Today Callie and I were discussing the newest abomination in advertising: The Lying Cheating Glade Lady:

me:
know what commercial i really f-ing hate
that damn glade commercial
its so offensive

divingdarlin8812: which one?
i dont have tv

me: oh right
its a newer one
ill describe it
It starts out with this perky housewife ushering her kids and husband out the door
because "she has a lot to do"
so off they go to slave away at work and school
and then she sprays glade air freshener all over the house and goes out to lunch and plays tennis and shit
and when the kids come home (and the husband too, obviously she cant even be bothered to pick up her kids from school)
theyre all like "wow mom, it smells great, you must have worked all day"
and shes like "oh yeah, ive been cleaning all day"

divingdarlin8812: ugh

me: but then the husband finds the glade bottle and they all laugh about it

divingdarlin8812: lazy bitch

me: i know right?

divingdarlin8812: that would bug me too

me: theres another one where shes pulling cookies out of a box and she lights a gingerbread glade candle
and her friends come over and compliment her on the cookies she just baked because they smell fresh out of the oven
and shes like "thanks!"

divingdarlin8812: geez whats with lazy women?
"glade...for the lazy housewives"

me: i just want to be like "jeez you f-ing ho, so glad your husband slaves away so you can go out to lunch and play tennis and NOT even manage to clean your house"

divingdarlin8812: seriously
i hate glade

me: me too
i totally dont even want to buy it
even if it DOES penetrate the carpet fibers more deeply than febreze

So basically, all these commercials make me want to do is burn down the glade plant, especially the advertising wing.

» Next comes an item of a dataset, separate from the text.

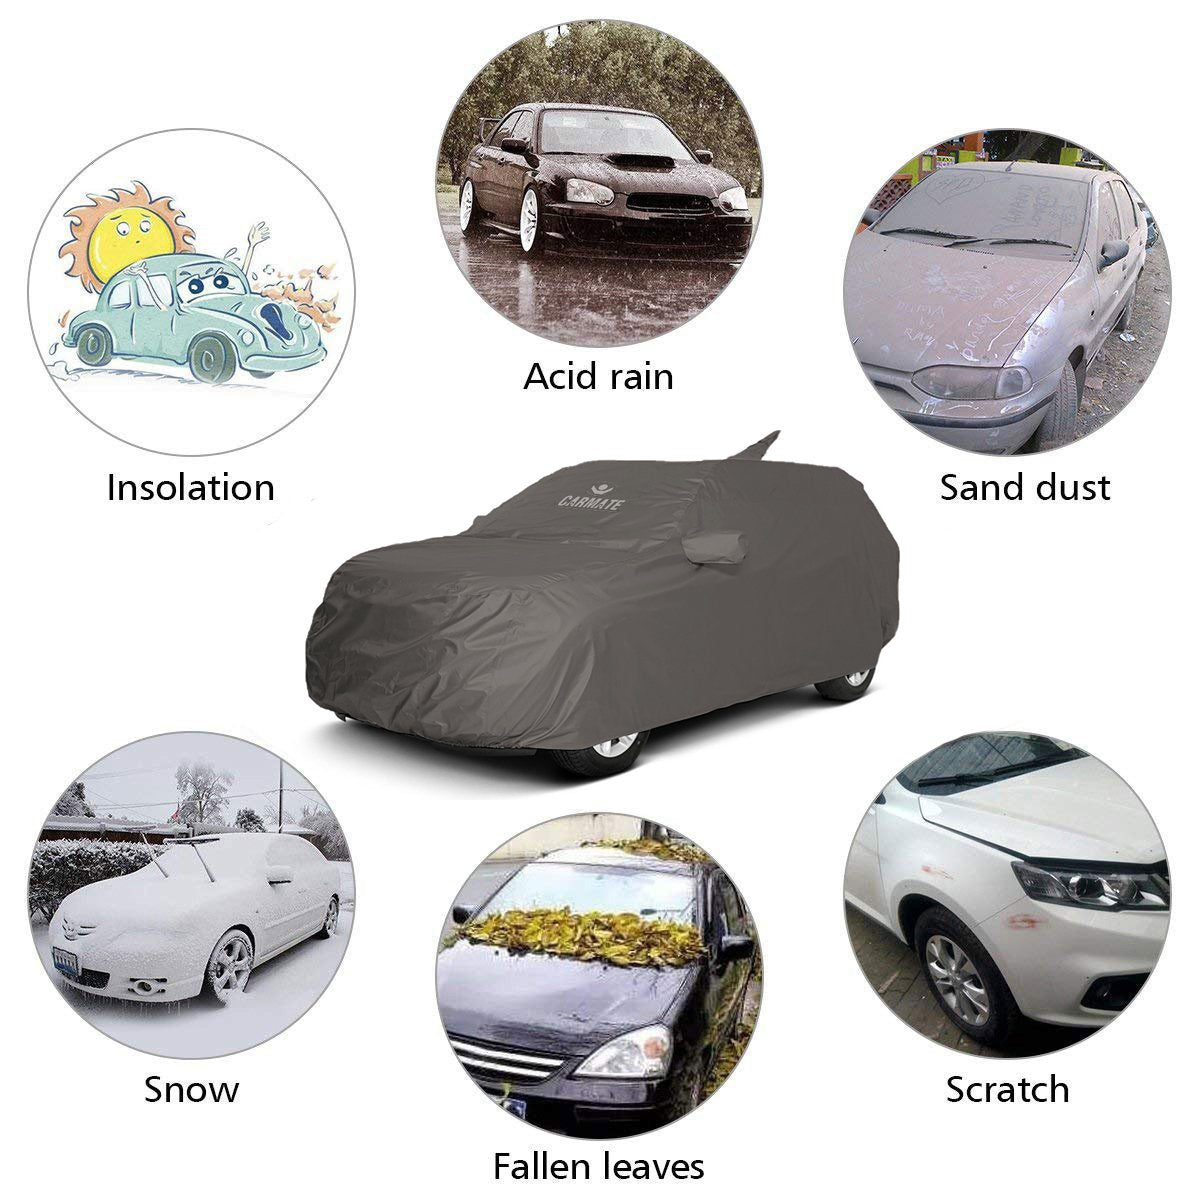 Carmate Car Body Cover 100% Waterproof Pride (Grey) for Mahindra - Xylo - CARMATE®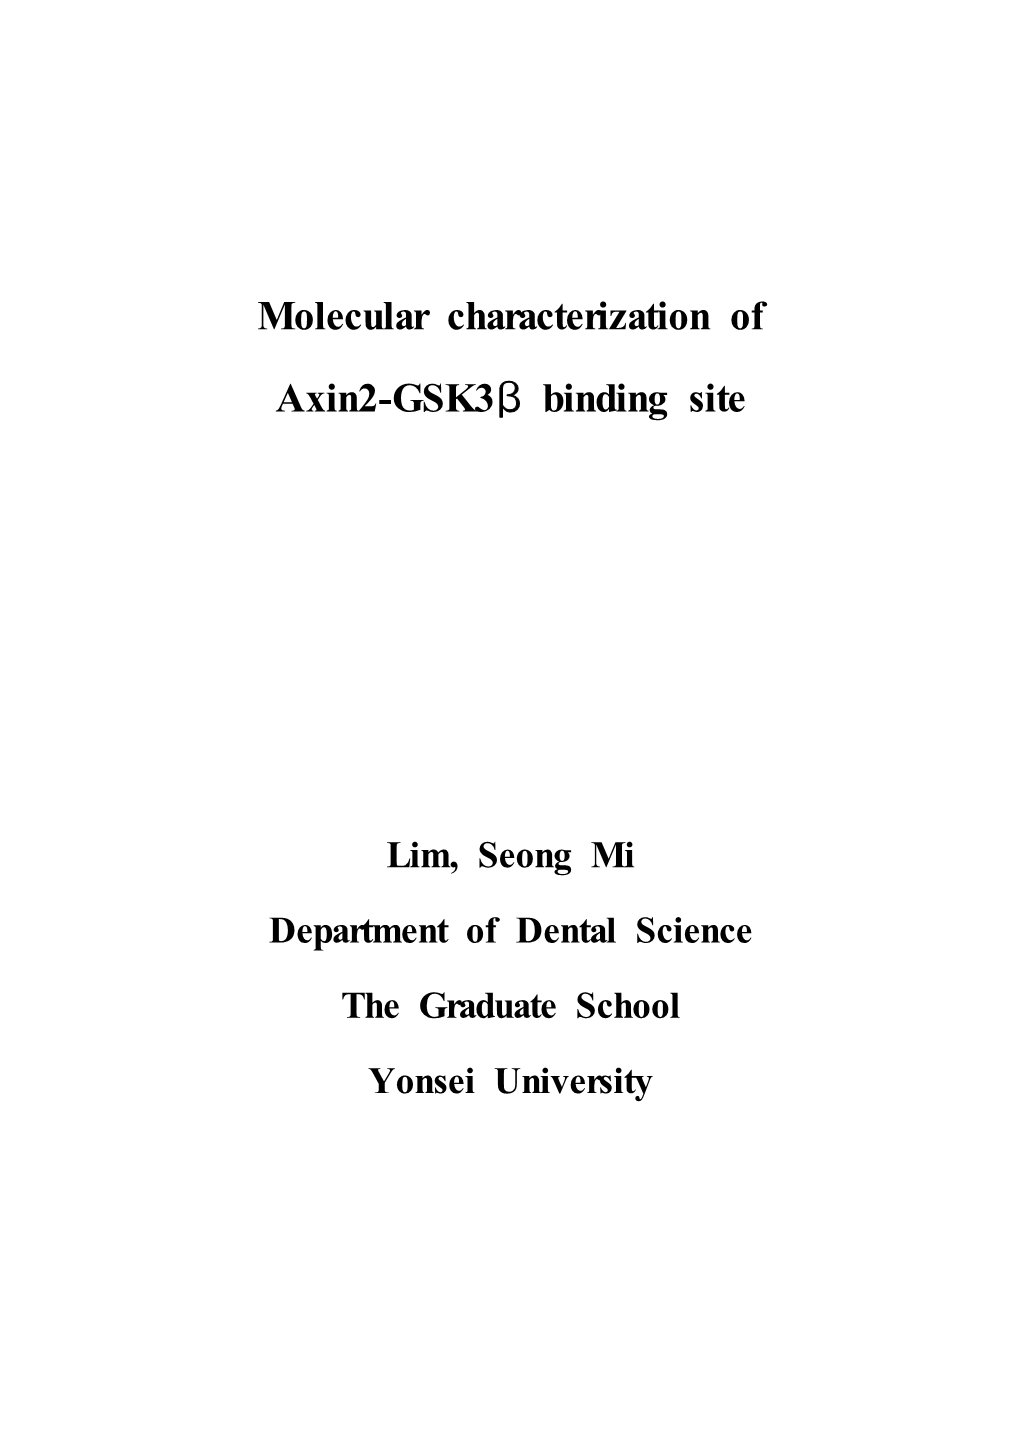 Molecular Characterization of Axin2-Gsk3β Binding Site

I take issue with most commercials for products that are stereotypically the domain of women (for instance, when was the last time you saw a commercial for a vacuum cleaner that featured a man using the product and not merely slapping his wife's ass while she vacuumed under his feet? Ok, maybe that's a little too histrionic an assessment, but you get the idea) but at least these products show busy, industrious women who usually look happy to be providing a service for their family. At LEAST. Not this woman. Her husband works all day, presumably making enough money for her to enjoy luxuries like a country club membership and lunches out with the girls. Her only job is to clean the house, and it's supposed to take her all day. Instead she sprays it down with Glade and attempts to lie badly about it.

I feel as though there's some sort of grim subtext to this commercial. Why is she lying about not cleaning the house? Will something bad happen to her if her husband finds out about the Glade? Does he work for Febreze?

To add insult to injury Glade leaves us with the worst punch line ever invented at the end:

"Wow, you must have been cleaning all day!" For eight hours! Did you even eat? You look emaciated!
"Yes, well, aren't you glad" Aren't you glad you work 40 hours a week so I can clean the house for eight hours a day!
"Don't you mean....GLADE?" Oh, haha! I get it! Glade is just like Glad except it has one extra letter! How much are they paying their advertising execs to come up with this shit?

There's another one where she pretends to bake cookies and uses a candle to simulate the smell of freshly baked cookies to impress her friends. Then she ruthlessly eats a poor anthropomorphic gingerbread man who has curiously sprung to life to expose her.

Obviously this woman will stop at nothing for the approval of her peers and now I am a Febreze user for life.